__DATA__.

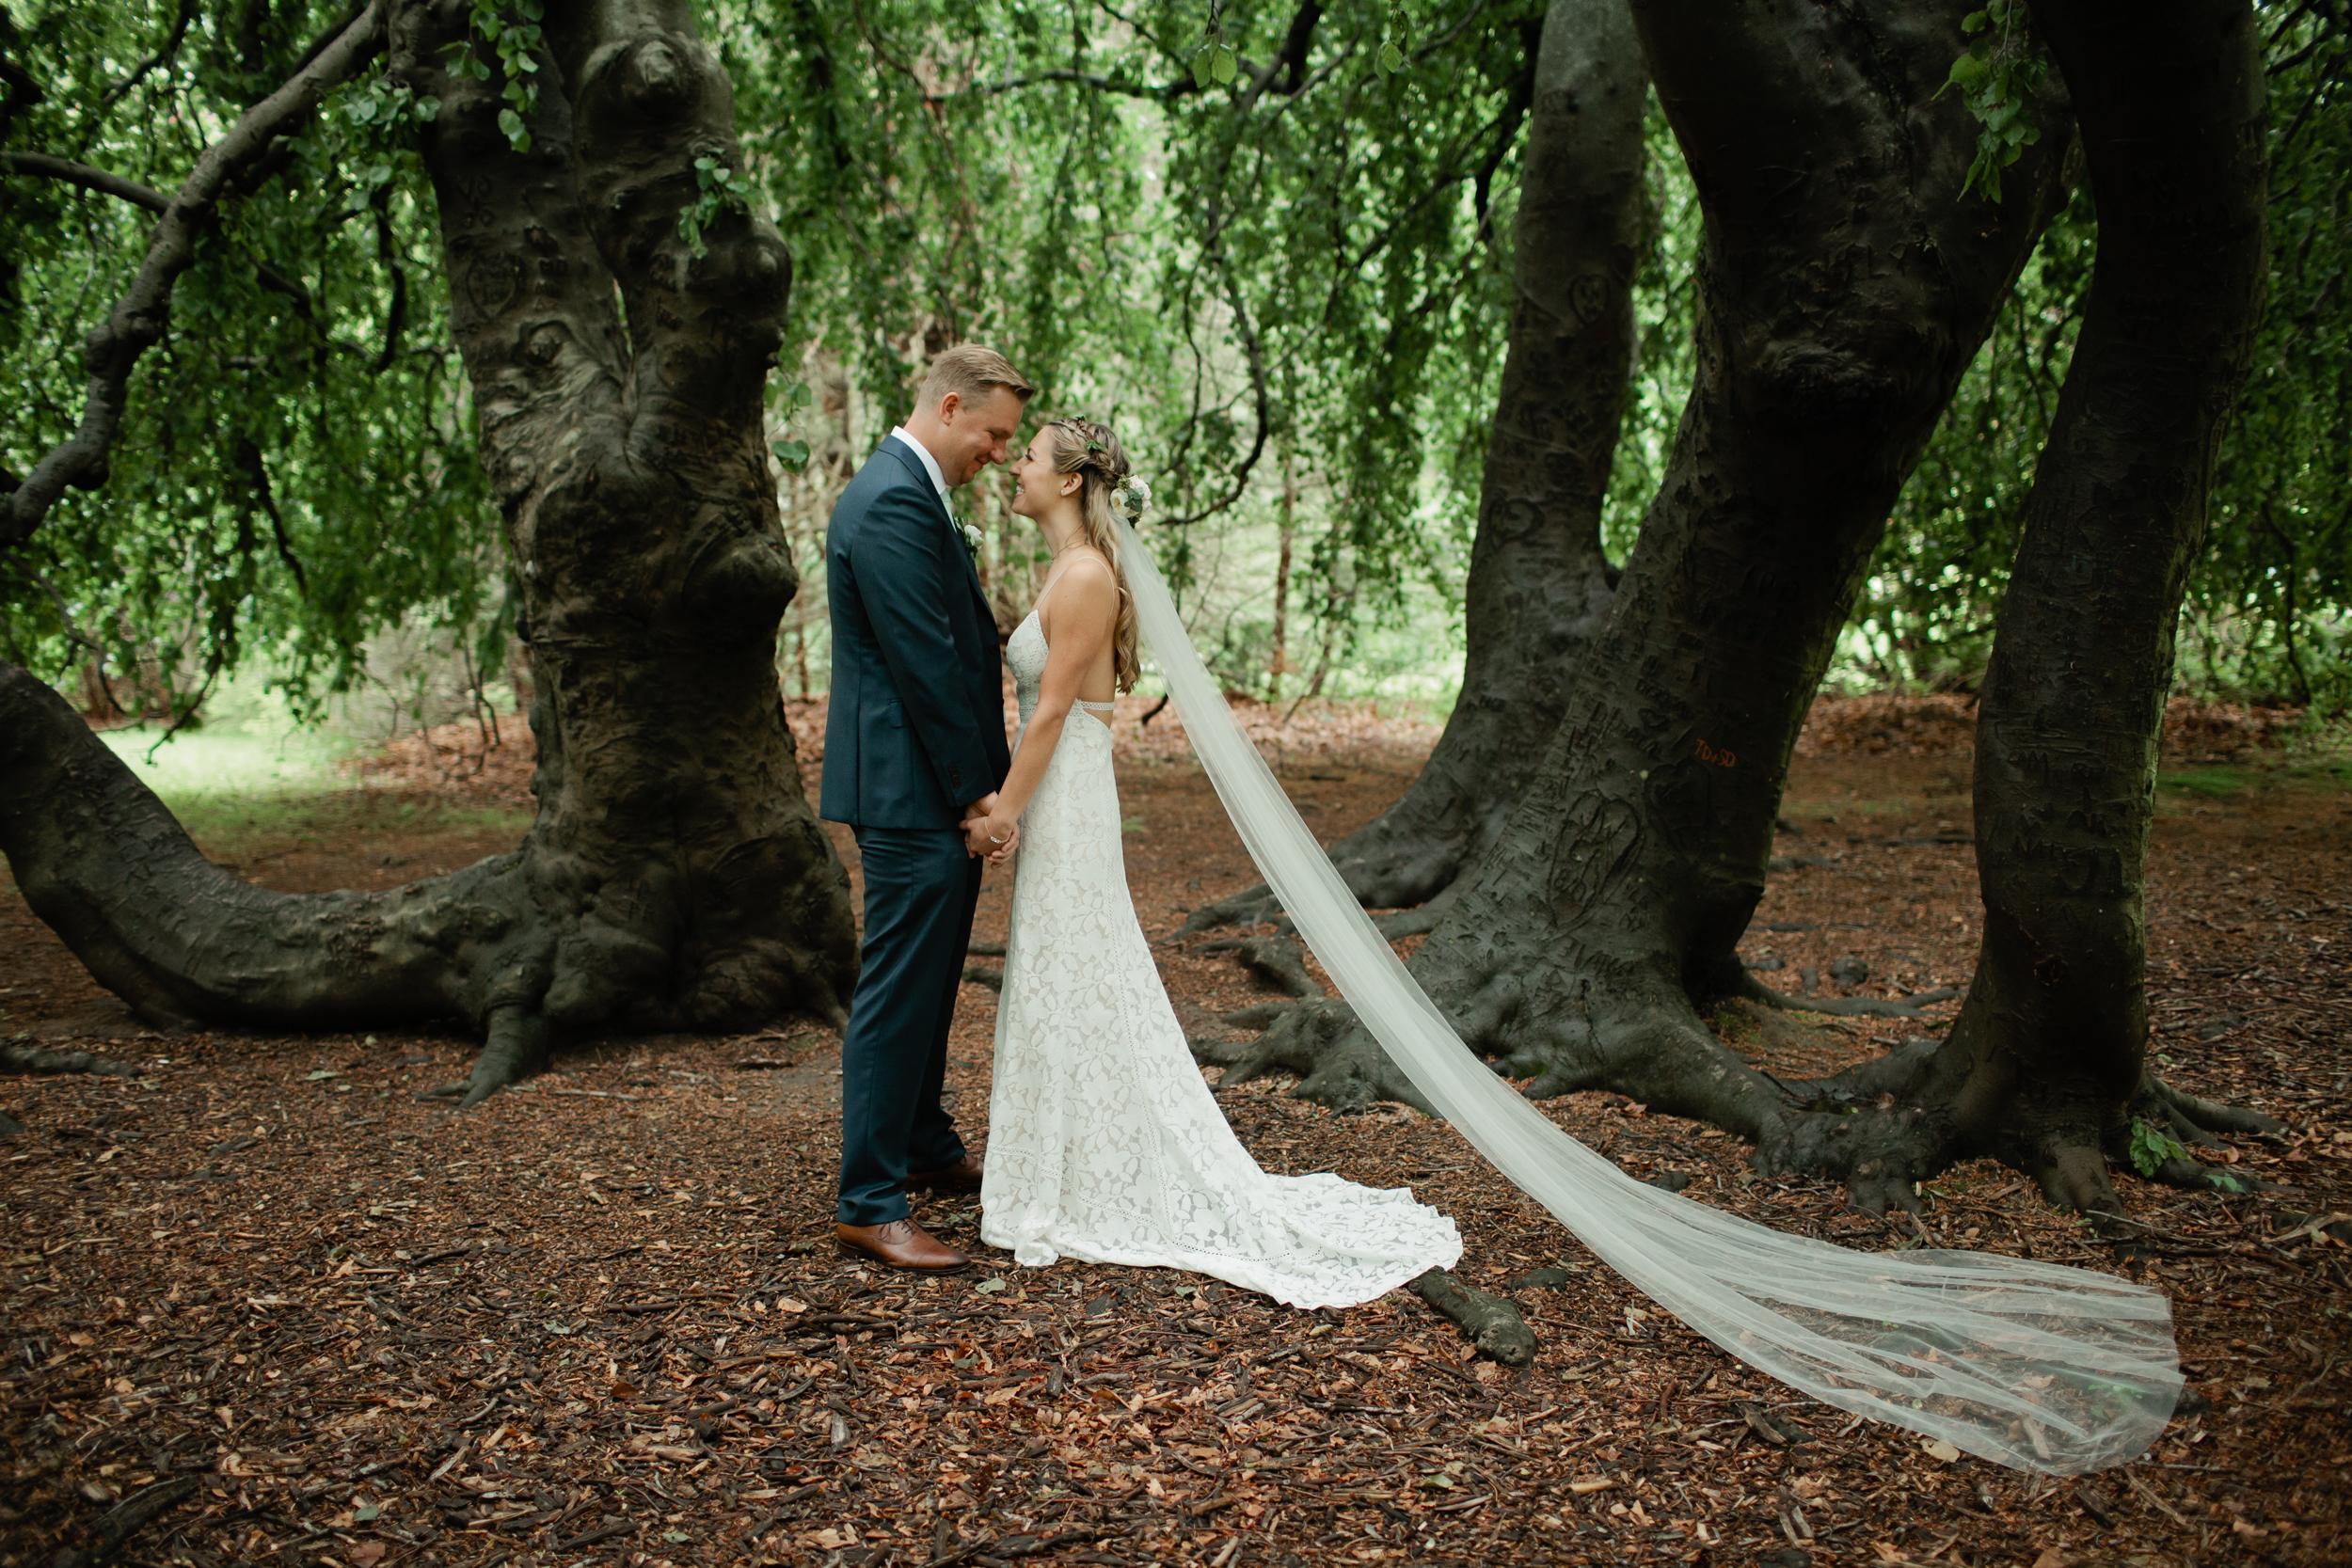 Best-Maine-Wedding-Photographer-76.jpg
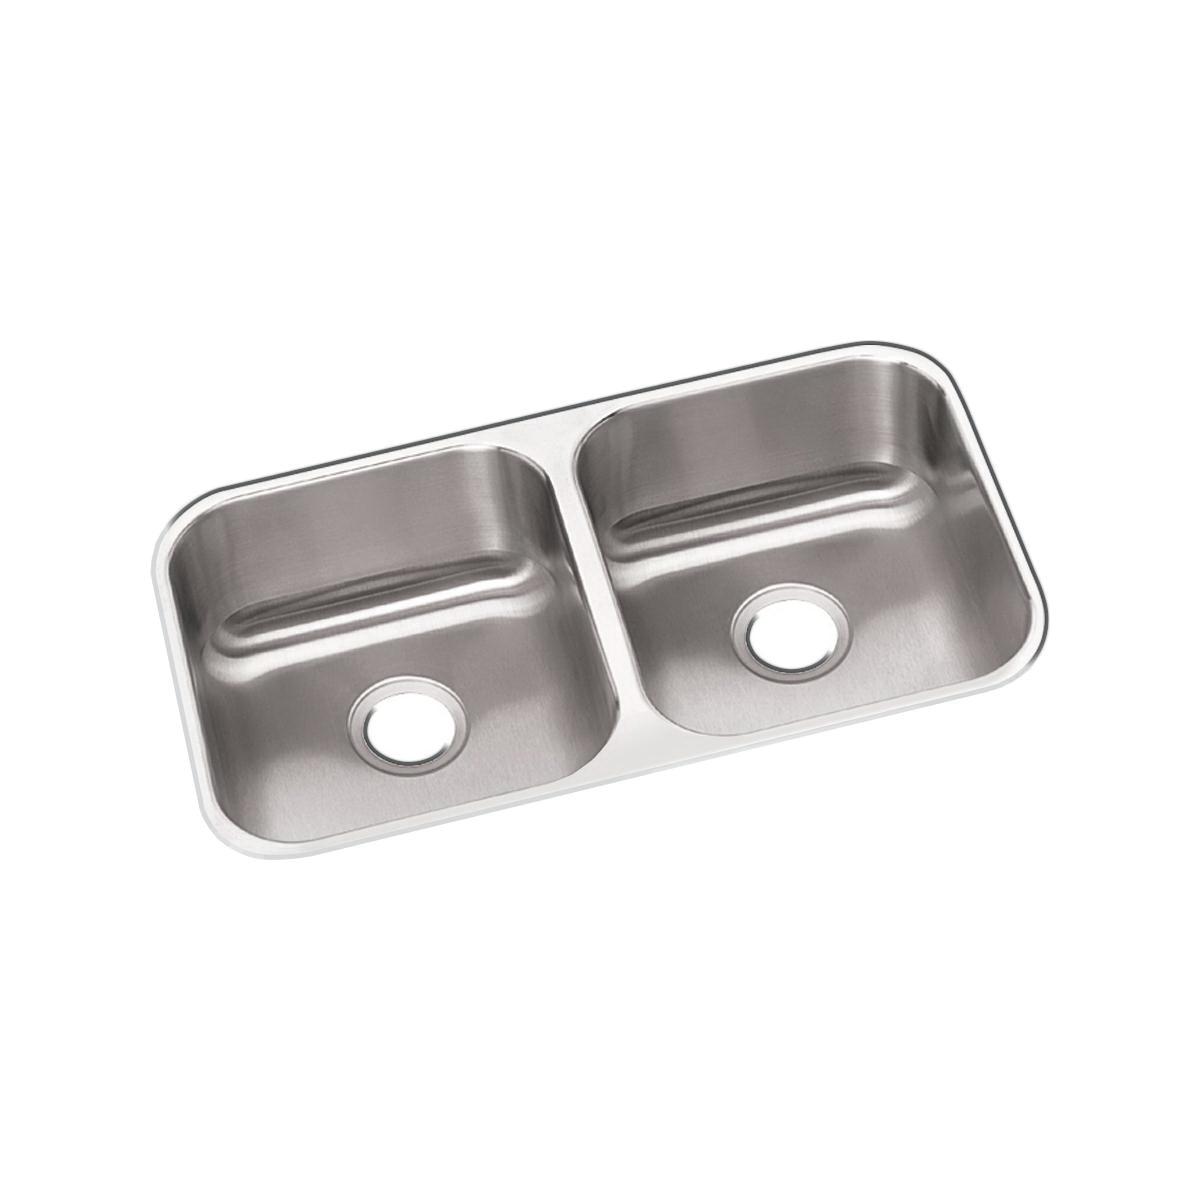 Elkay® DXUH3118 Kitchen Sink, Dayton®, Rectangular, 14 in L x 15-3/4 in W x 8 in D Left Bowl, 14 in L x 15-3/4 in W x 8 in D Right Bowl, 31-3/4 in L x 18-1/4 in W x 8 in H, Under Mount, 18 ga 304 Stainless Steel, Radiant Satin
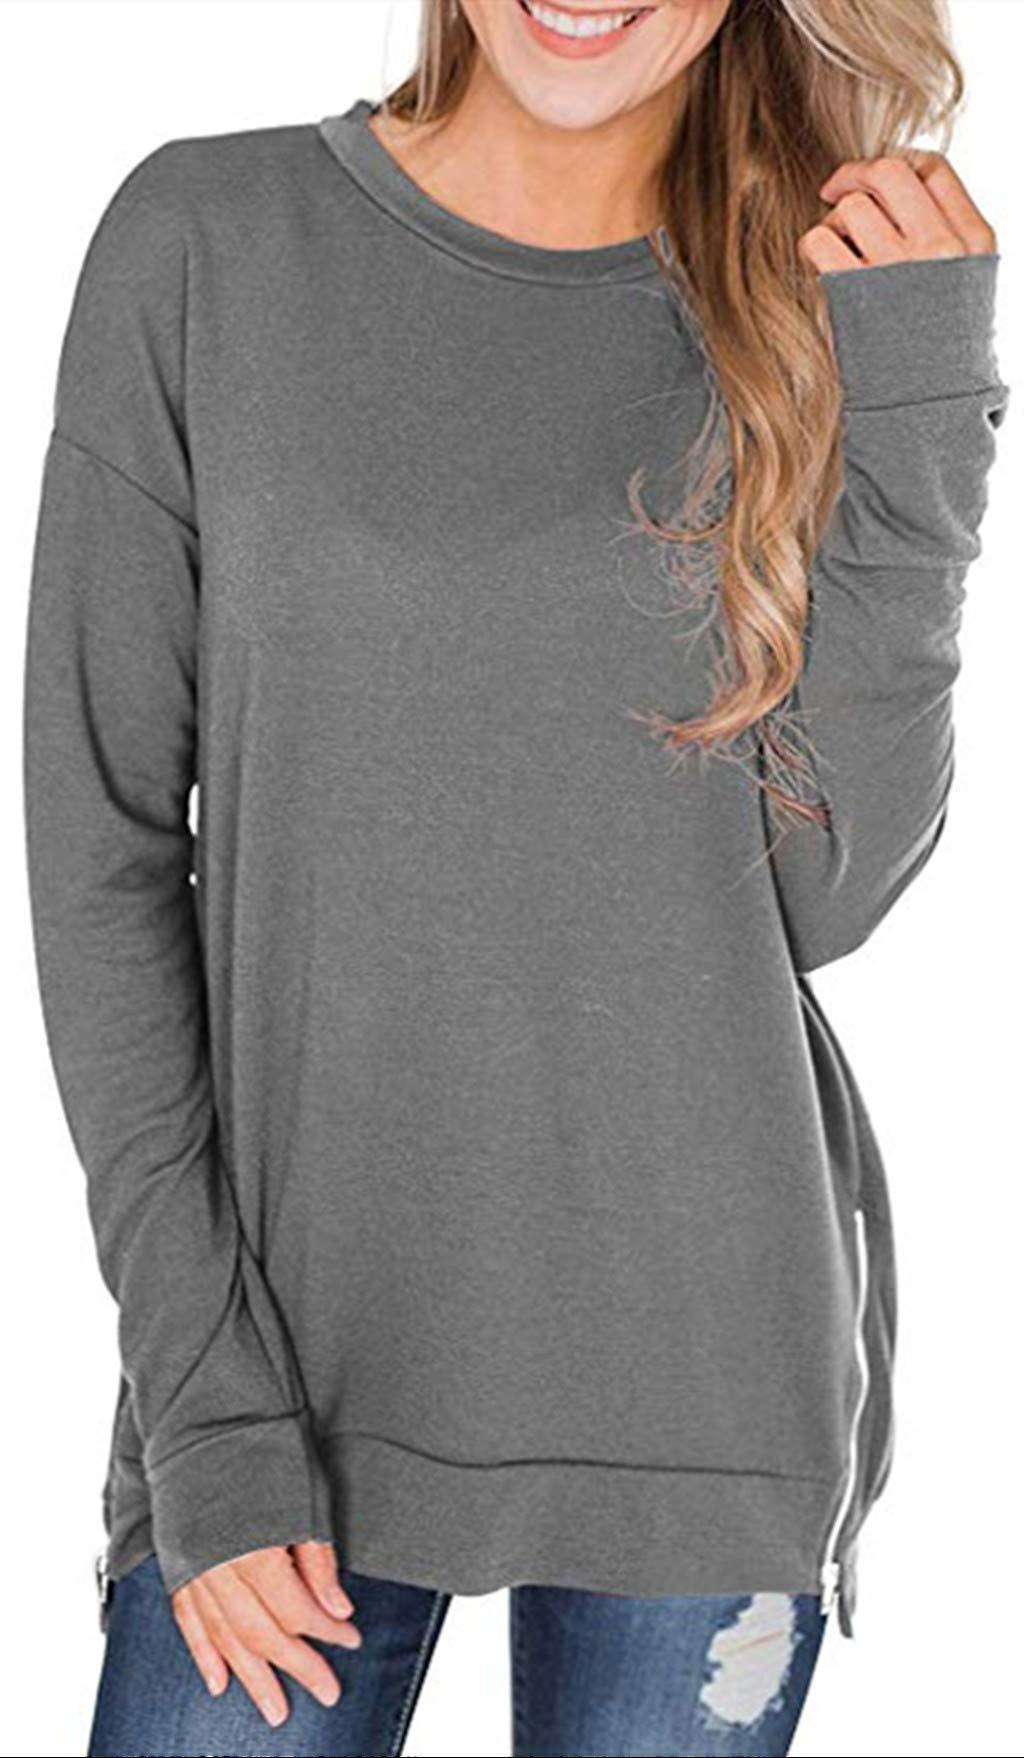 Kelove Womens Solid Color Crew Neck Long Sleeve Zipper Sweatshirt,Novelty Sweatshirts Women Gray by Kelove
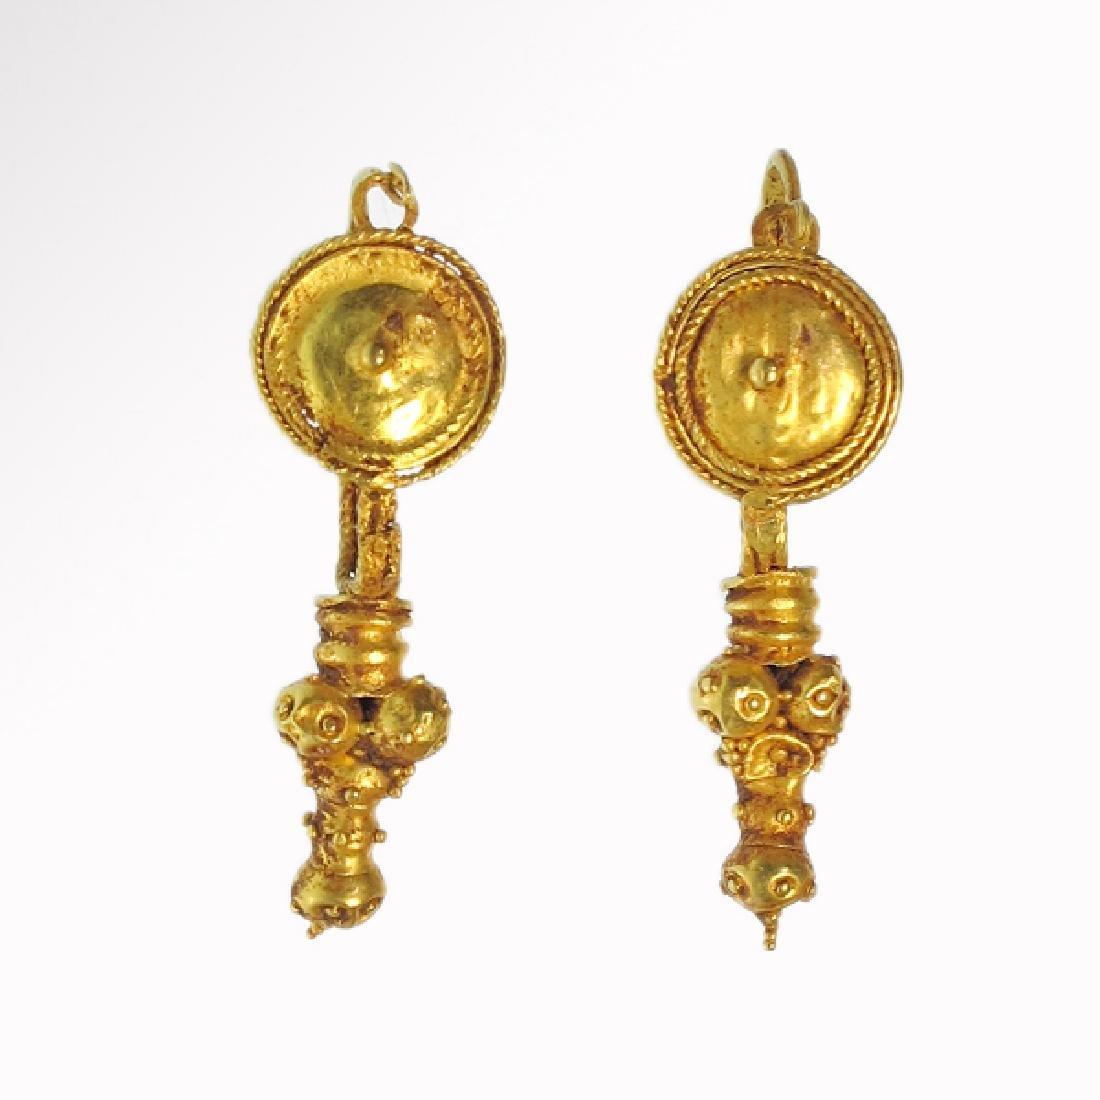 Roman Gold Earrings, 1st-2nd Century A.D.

__EXERCISE DESCRIPTION__. Write out again, word for word, the lines from the one holding "Kelove Womens Solid" through the final line of the listing, including both ends but no pictures.

__SOLUTION FOR THIS TASK__.
 Kelove Womens Solid Color Crew Neck Long Sleeve Zipper Sweatshirt,Novelty Sweatshirts Women Gray by Kelove
 Roman Gold Earrings, 1st-2nd Century A.D.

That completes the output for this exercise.